Clearly, delimiting groups of thousands is useful to a lot of people. 
But it hides bugs, because if you see 10_000_0000 you are much more 
likely to think it is 10^7 than you are with 100000000, where you are 
likely to be careful and take your time. We can prevent this by more 
stringent syntax rules. This would also prevent some corner cases that 
you have described, that probably barely anyone cares about. It's not a 
free restriction, but it is cheap, and definitely has value.

> An int-value which raises an exception on overflow would be something
> much more important than making this syntax rule more restricted.

That's completely orthogonal.

> It's also somehow weird, to write   1_000_000_000 instead of 1000000000.
> Why should this weird "_" stuff supported at all?
>
> Writing +. instead of + also might be weird from a certain view.
> So you are using a weird language.

I think this is addressed by my definition of "weird" above.

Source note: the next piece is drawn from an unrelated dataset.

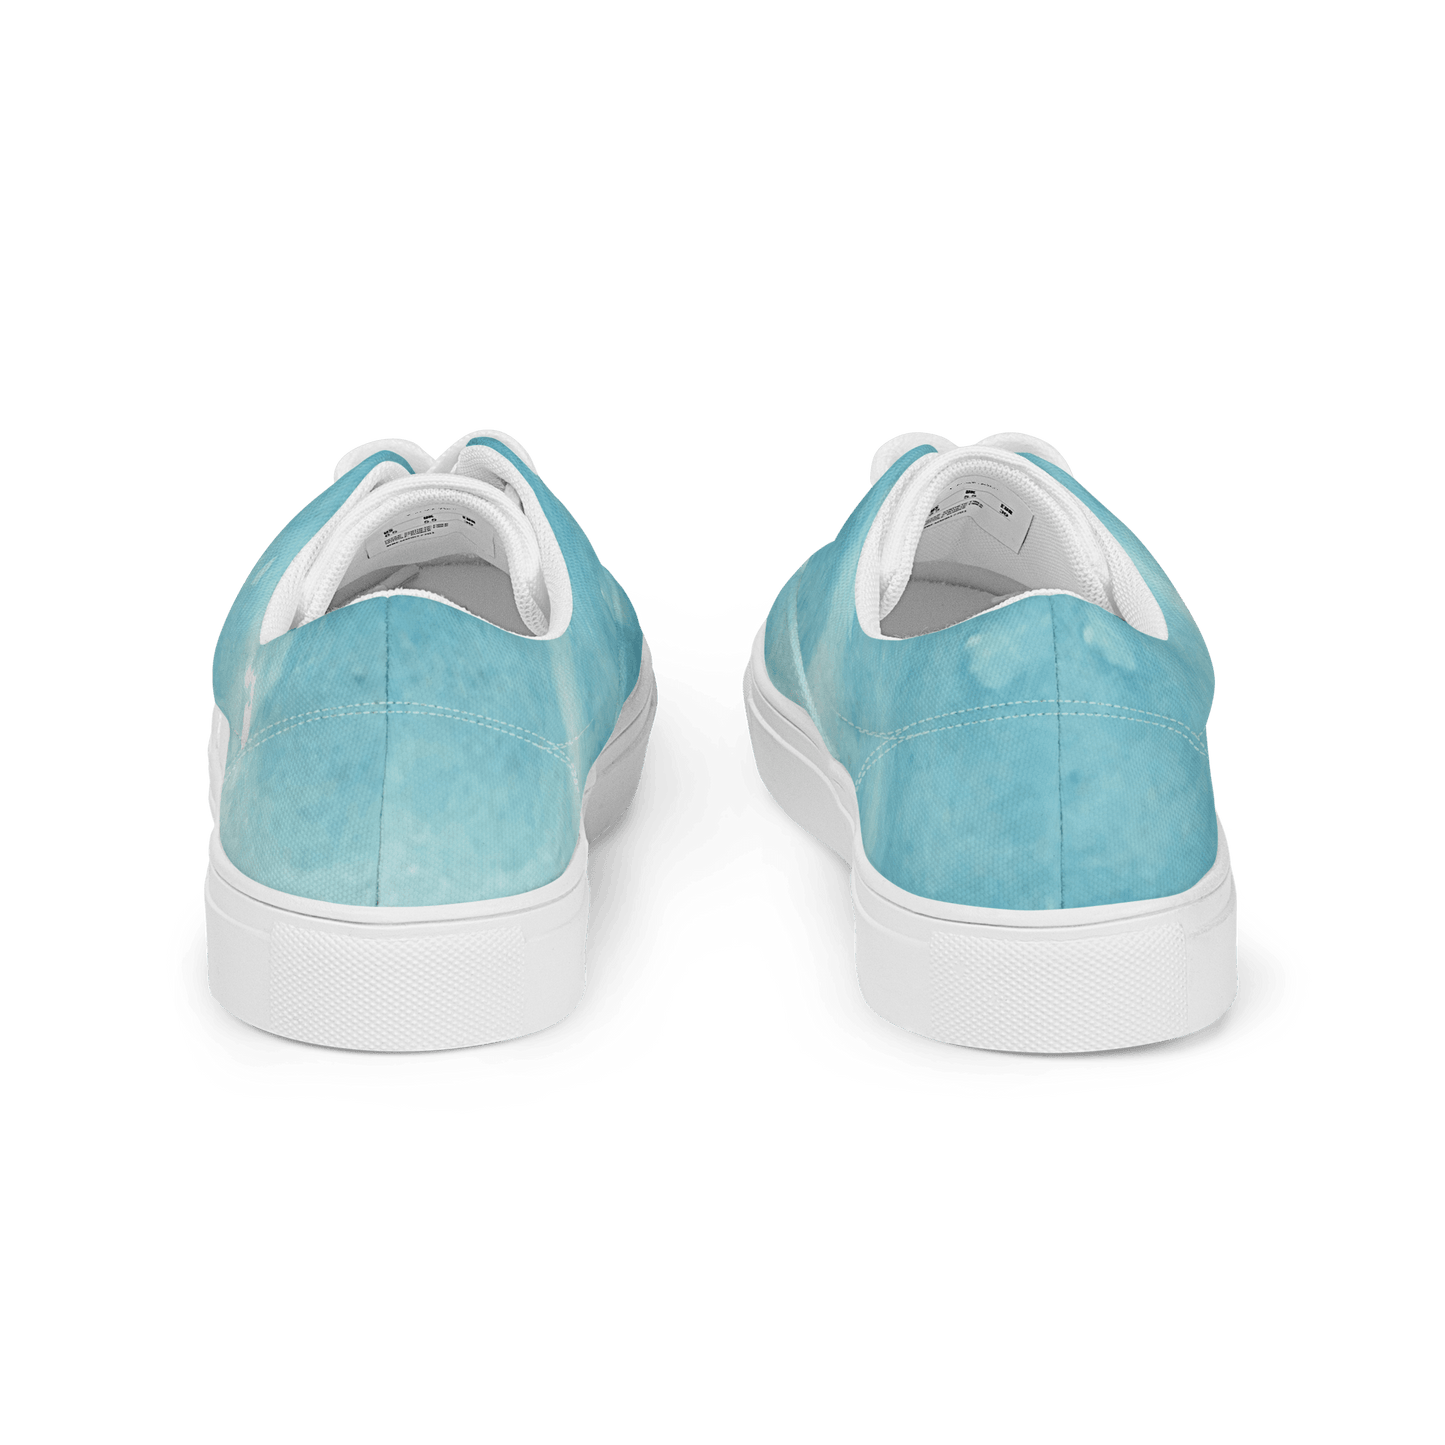 Sky Blue Women’s lace-up canvas shoes

>>> Why should this case be forbidden?
>>
>> Because it is impossible to distinguish it from the
>> wrongly-deliminated case that I described, which leads to the bugs I
>> described.
> [...]
>
>
> But that case is just a typo, like it would be without any "_".

I don't understand. Wouldn't it be better to have a syntax where it is 
harder to make typos?

> For some rsearch it might make sense to delimit those digits which
> are officially rounded in a setting from those which might be rounded.
>
> like
>
>     4.526829898
>    vs.
>     4.5_26829898
>    vs.
>     4.52_6829898
>
> and so on.
>
> So, even you have a floating point value with 9 digits after the
> decimal point, if you have a case where your official rounding
> is one or two digits, but you have to use the correct value,
> you could clarify this in the code.

This could also be done, by, e.g., defining a new type with explicit 
coercions:

module Two_dp_float : sig
  val of_float : float -> t
  val to_float : t -> float
end = struct
  type t = float
  let of_float x = x
  let to_float x = x
end

This actually enforces that you get the notation right in your code, 
rather than with the underscores, where you could typo and put the 
underscore too far right, or forget to put them in all together.

But more generally, I think it is worth more, in terms of bugs saved, 
to restrict the syntax versus allowing these infrequently-used cases.

>>> For Hex it might also make sense to have it all two characters.
>>>
>>> If the rule would be only all 4 characters, that would be bad.
>>
>> Sure, this seems okay.
>
> Too late, if the four-digit rule would have been implemented before the
> (weird?) two-digit rule was asked by someone...

You're right, that would be a change that would probably break a lot of 
code. I claim my suggestion would not break much code.